Mit dem Erlass des delegierten Rechtsakts wird die Kommission das DSA-Datenzugangsportal einführen, über das Forscher, die im Rahmen des neuen Mechanismus auf Daten zugreifen möchten, Informationen über ihre Datenzugangsanwendungen finden und mit VLOPs, VLOSEs und DSCs austauschen können.
Zur Ergänzung der Vorschriften des delegierten Rechtsakts billigte der Ausschuss für digitale Dienste am 27. Juni 2025 einen Vorschlag für eine weitere Zusammenarbeit zwischen den DSC bei der Überprüfung von Forschern.
Durch die Einführung gemeinsamer Instrumente, die DSCs bei der Verwaltung von Datenzugangsanträgen und operativen Fristen unterstützen, um sicherzustellen, dass jeder Schritt des Prozesses in angemessenen Zeitrahmen durchgeführt wird, wird dieser Rahmen einheitliche und berechenbare Standards für Forscher in der gesamten EU gewährleisten.
Die im delegierten Rechtsakt dargelegten Vorschriften wurden im Rahmen eines Pilotprojekts mit mehreren DSC und Forschern, die vom Europäischen Forschungsrat finanziert wurden, getestet. Das Pilotprojekt wird in den nächsten Monaten mit der Erprobung des DSA-Portals fortgesetzt, bevor die ersten Forscher ab Oktober nach der neuen Regelung überprüft werden.

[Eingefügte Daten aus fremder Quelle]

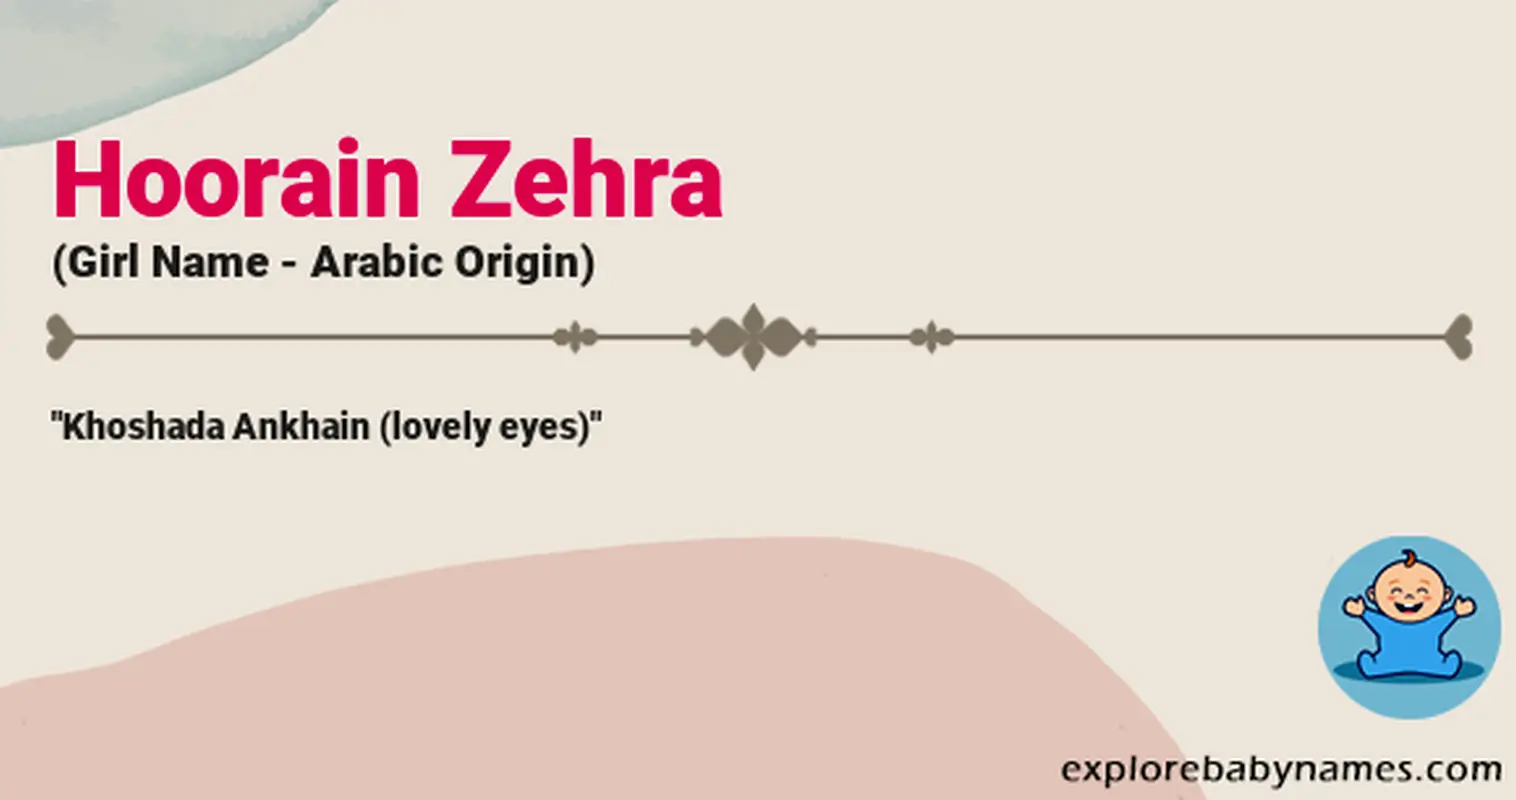 Meaning of Hoorain Zehra

Um Untersuchungen zu systemischen Risiken durchzuführen, können nicht geprüfte Forscher, auch von gemeinnützigen Einrichtungen und Organisationen, bereits auf öffentliche Daten zugreifen, die auf den Schnittstellen von VLOPs und VLOSEs verfügbar sind, ohne dass eine Vermittlung durch ein DSC erforderlich ist. Zusammen bieten diese beiden Bestimmungen Forschern eine beispiellose Kontrollbefugnis, die es ihnen ermöglicht, wirksam zur Überwachung des Online-Umfelds beizutragen.